> **YOUR INSTRUCTIONS**
Each line of the data below from the one holding "B. SLEPT approach" to the one holding "A. Technology", inclusive, is to be reproduced exactly; no other line belongs in the answer.

> **INPUT FOR THIS TASK**

--- --- ---

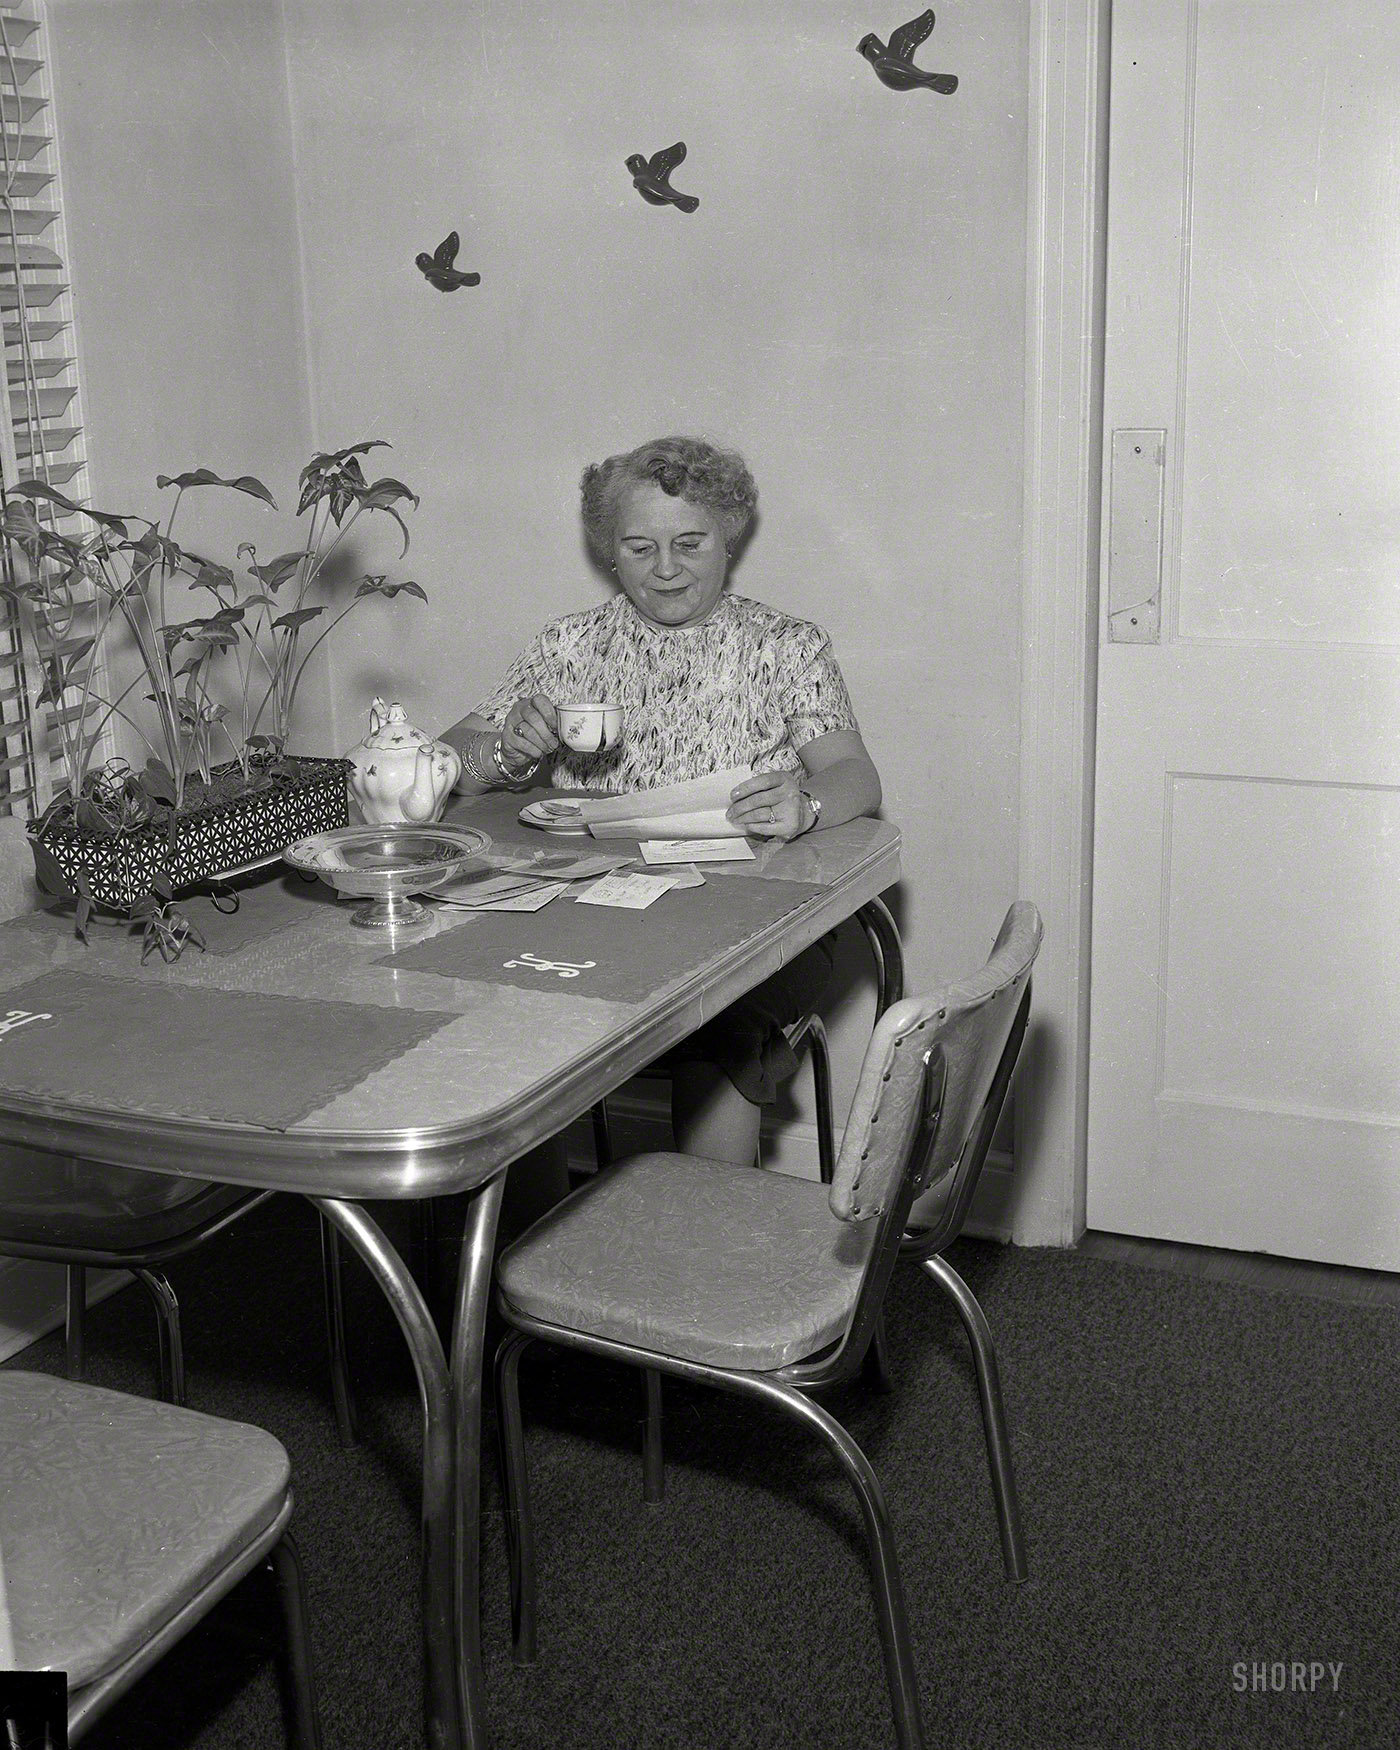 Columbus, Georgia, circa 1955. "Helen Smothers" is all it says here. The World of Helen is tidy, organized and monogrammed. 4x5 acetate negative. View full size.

--- --- ---

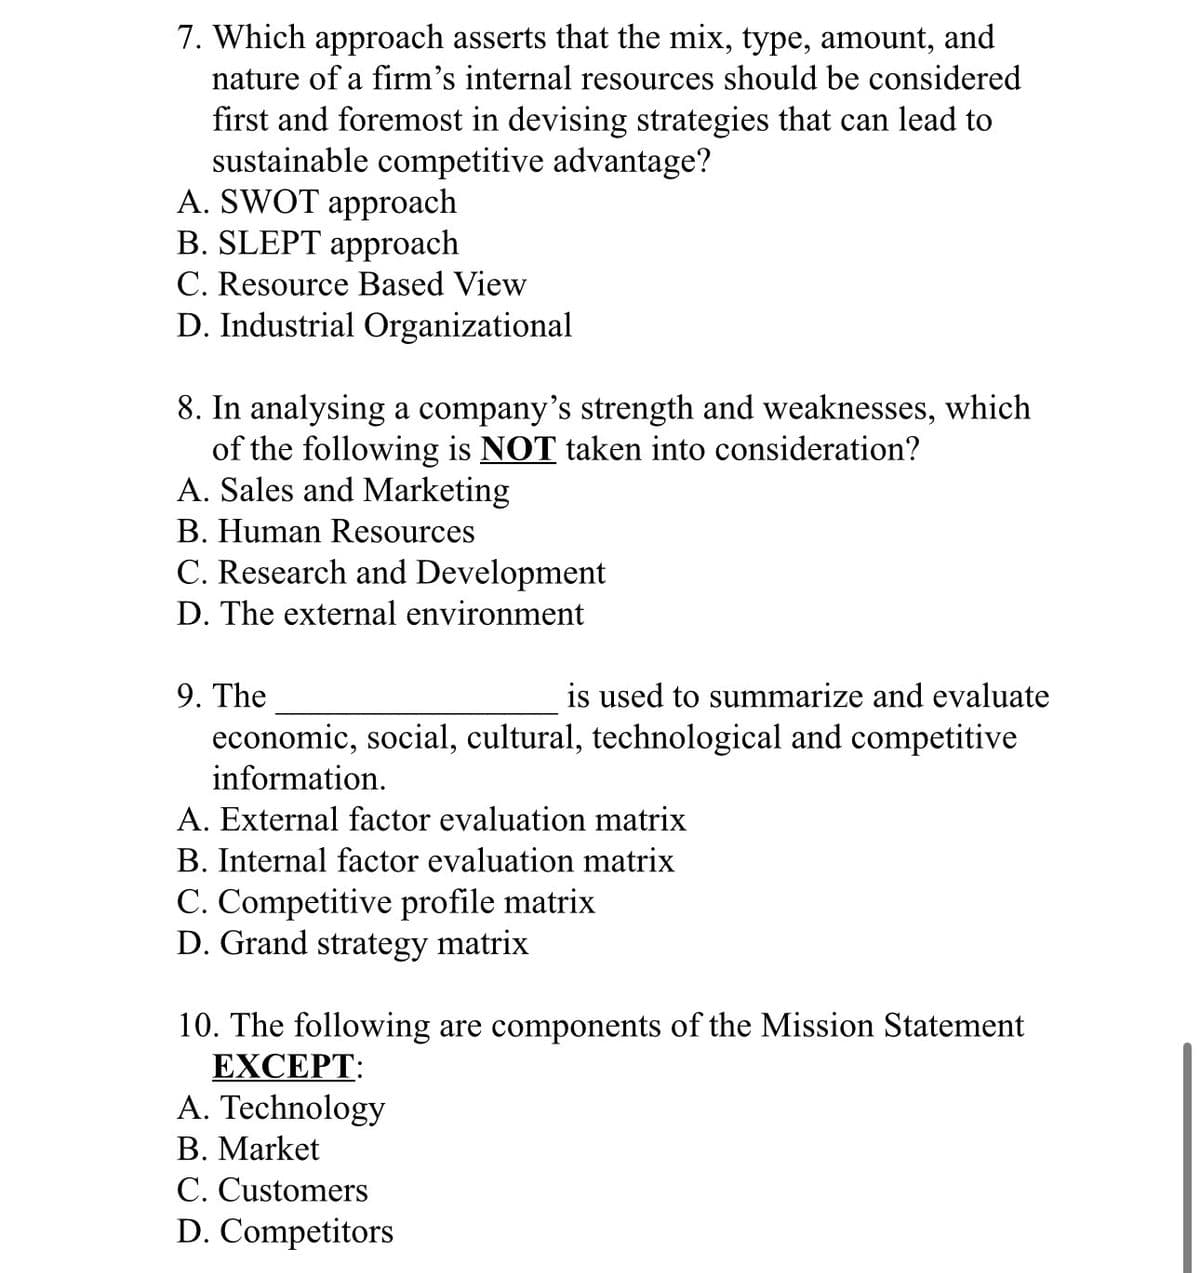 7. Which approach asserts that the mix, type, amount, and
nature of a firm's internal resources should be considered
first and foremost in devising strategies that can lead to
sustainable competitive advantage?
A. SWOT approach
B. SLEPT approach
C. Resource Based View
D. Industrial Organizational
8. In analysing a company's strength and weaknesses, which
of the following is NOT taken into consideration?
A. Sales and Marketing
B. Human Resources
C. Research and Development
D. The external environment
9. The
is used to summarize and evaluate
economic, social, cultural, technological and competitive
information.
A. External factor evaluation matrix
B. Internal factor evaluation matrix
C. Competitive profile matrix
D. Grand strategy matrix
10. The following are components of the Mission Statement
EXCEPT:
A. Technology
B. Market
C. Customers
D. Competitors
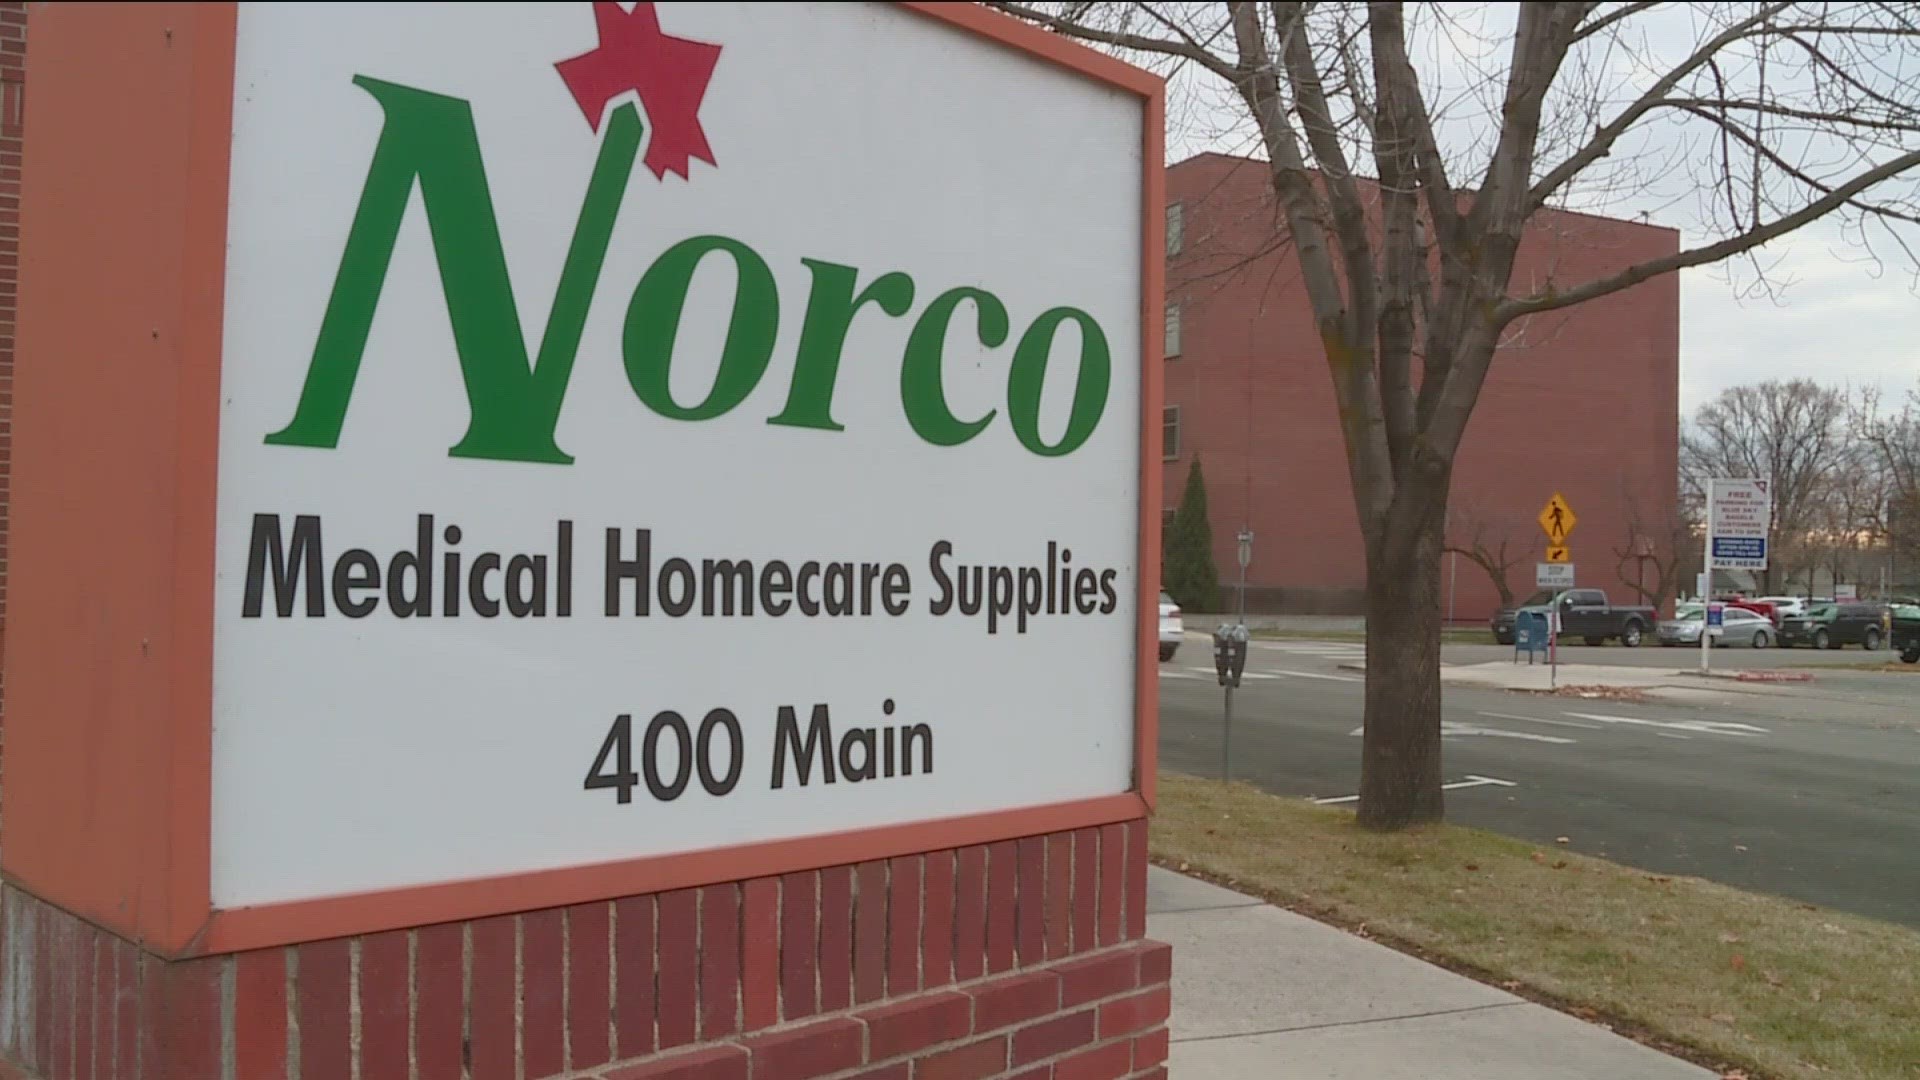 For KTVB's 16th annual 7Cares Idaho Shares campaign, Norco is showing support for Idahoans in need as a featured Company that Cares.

--- --- ---

> **EXPECTED ANSWER**
B. SLEPT approach
C. Resource Based View
D. Industrial Organizational
8. In analysing a company's strength and weaknesses, which
of the following is NOT taken into consideration?
A. Sales and Marketing
B. Human Resources
C. Research and Development
D. The external environment
9. The
is used to summarize and evaluate
economic, social, cultural, technological and competitive
information.
A. External factor evaluation matrix
B. Internal factor evaluation matrix
C. Competitive profile matrix
D. Grand strategy matrix
10. The following are components of the Mission Statement
EXCEPT:
A. Technology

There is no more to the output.